▶ [WHAT THE EXERCISE ASKS]:
A faithful copy of all the data is required; pictures should not be included.

▶ [DATA BLOCK]:
┄┄┄┄┄┄

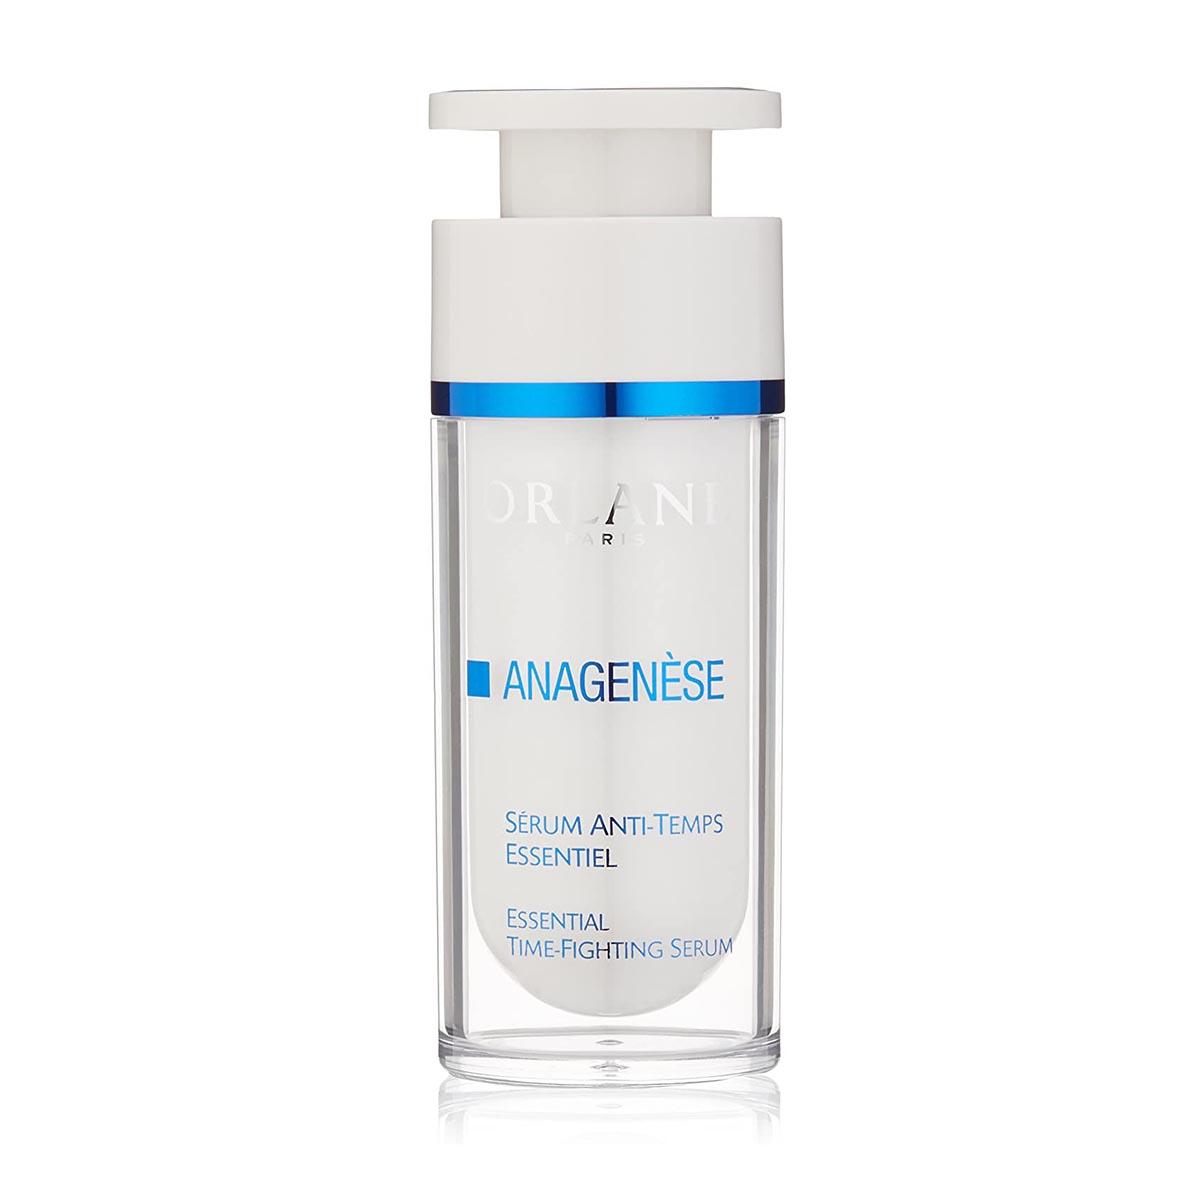 Orlane anagenese essential serum 30ml
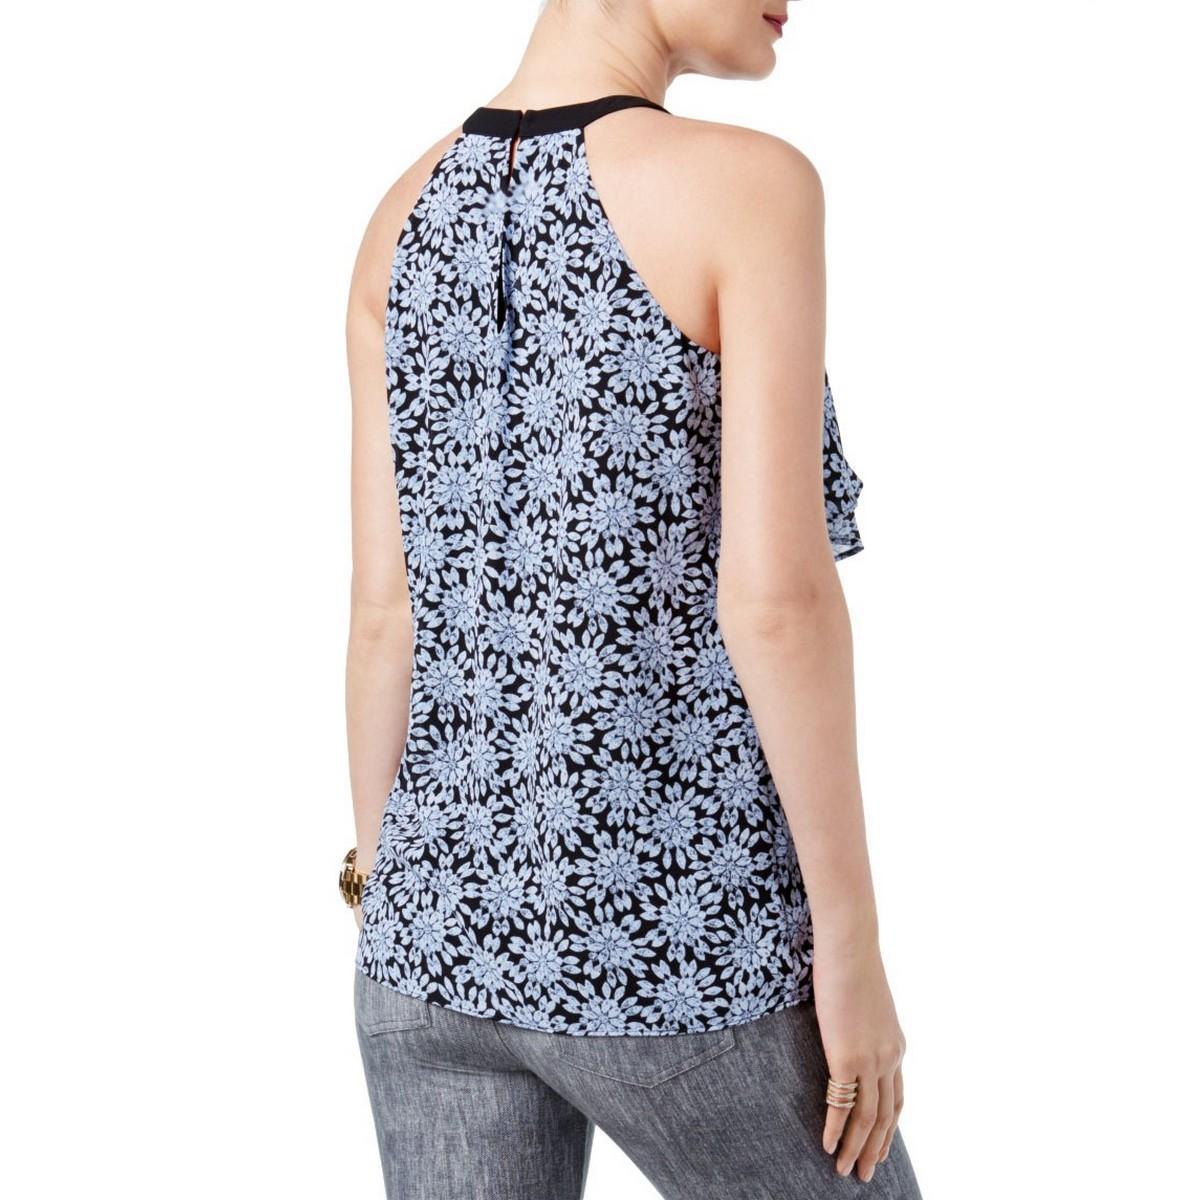 MICHAEL-KORS-Women-039-s-Black-Ruffled-Printed-Flounce-Halter-Blouse-Shirt-Top-TEDO thumbnail 4
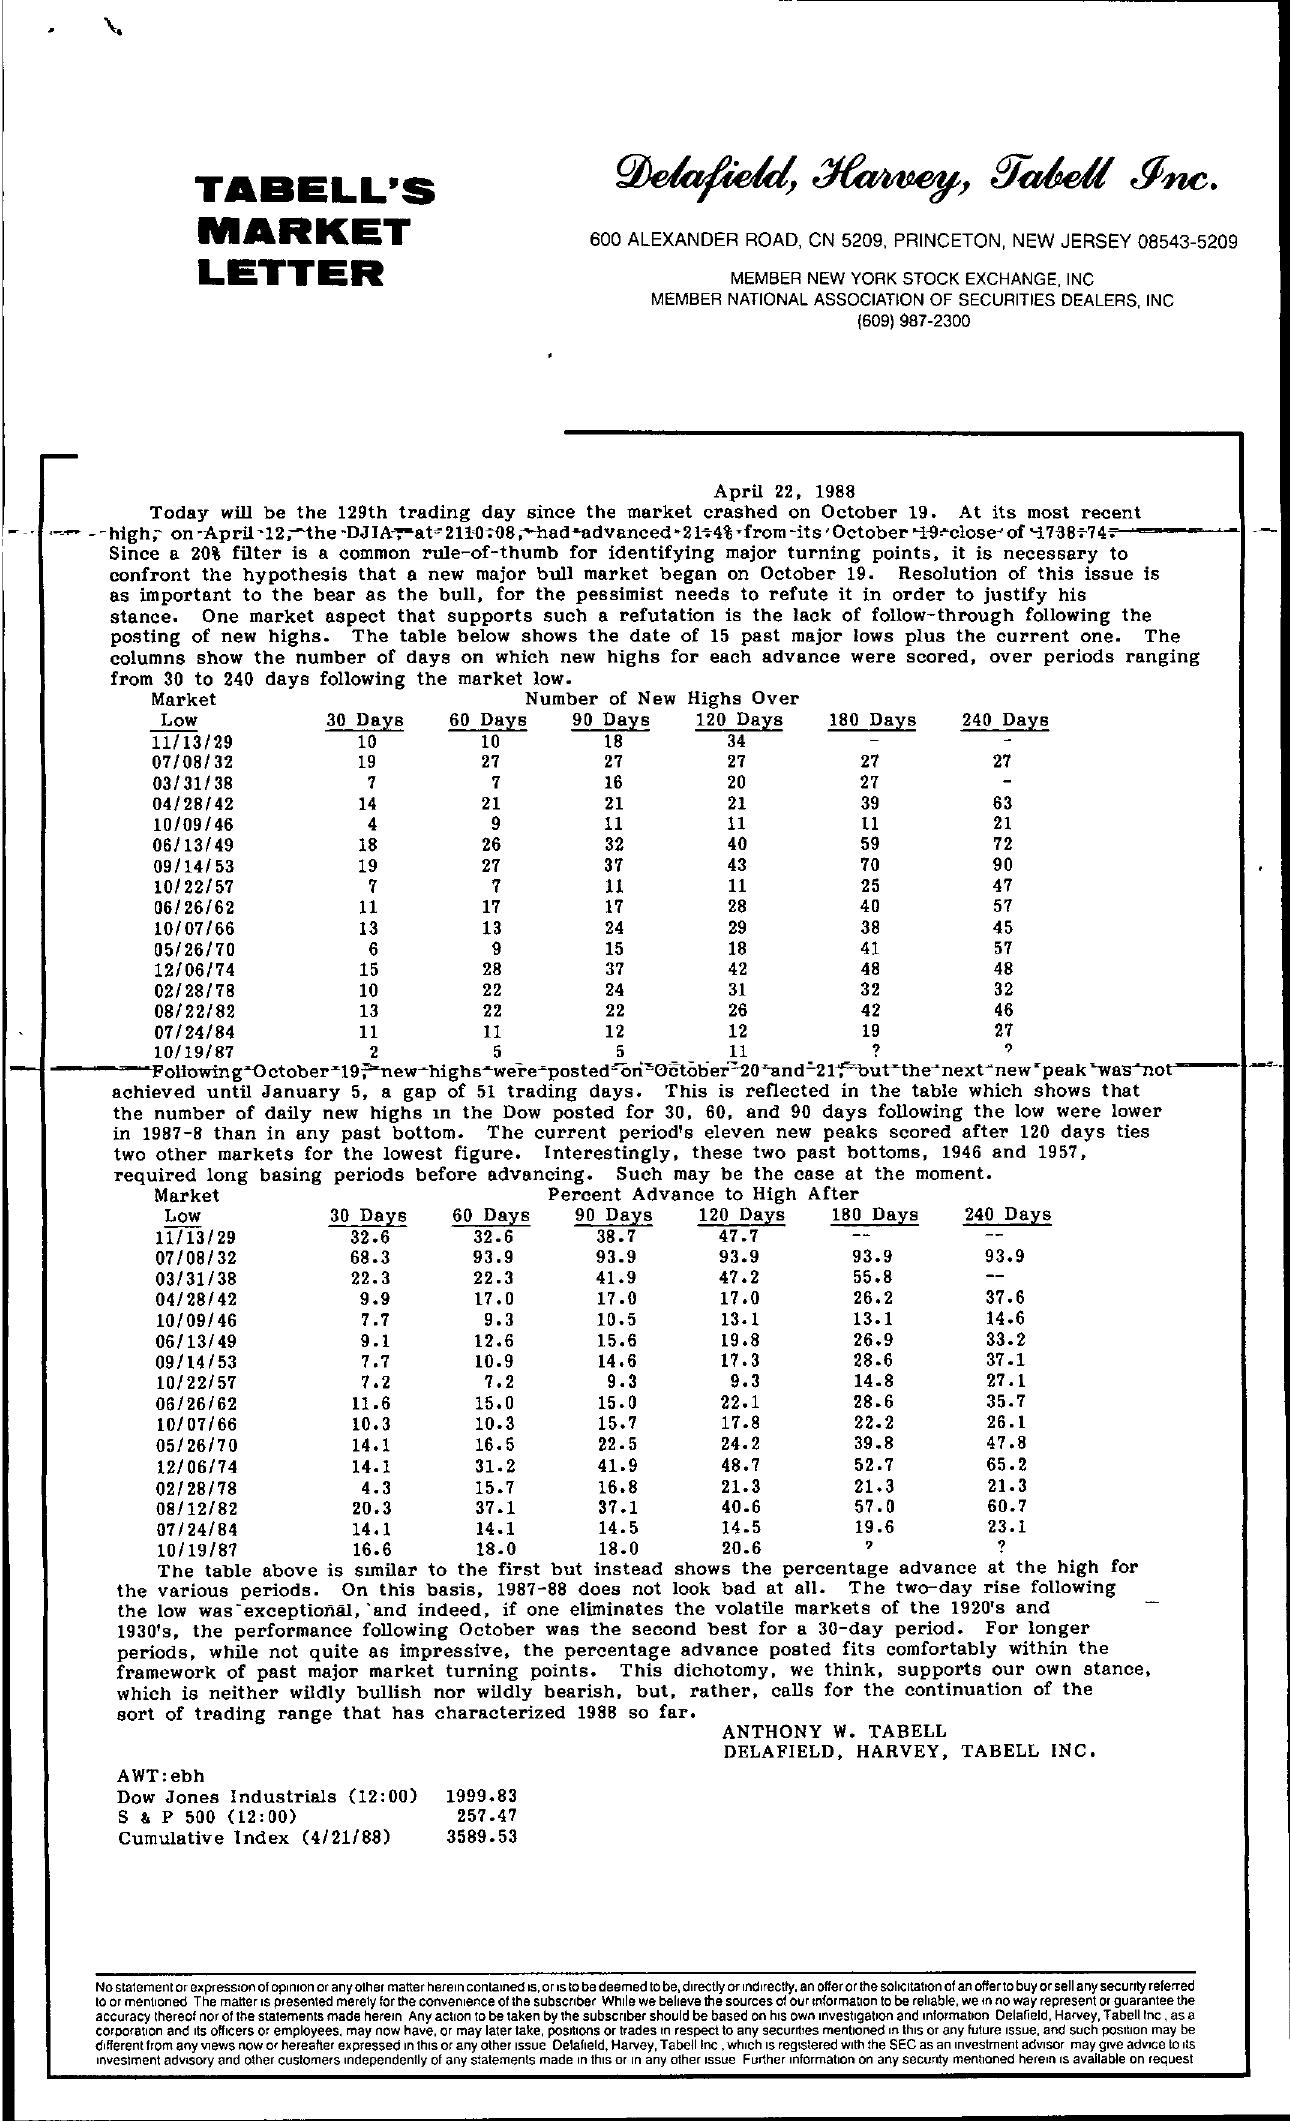 Tabell's Market Letter - April 22, 1988

┄┄┄┄┄┄

▶ [EXPECTED ANSWER]:
 Orlane anagenese essential serum 30ml
 MICHAEL-KORS-Women-039-s-Black-Ruffled-Printed-Flounce-Halter-Blouse-Shirt-Top-TEDO thumbnail 4
 Tabell's Market Letter - April 22, 1988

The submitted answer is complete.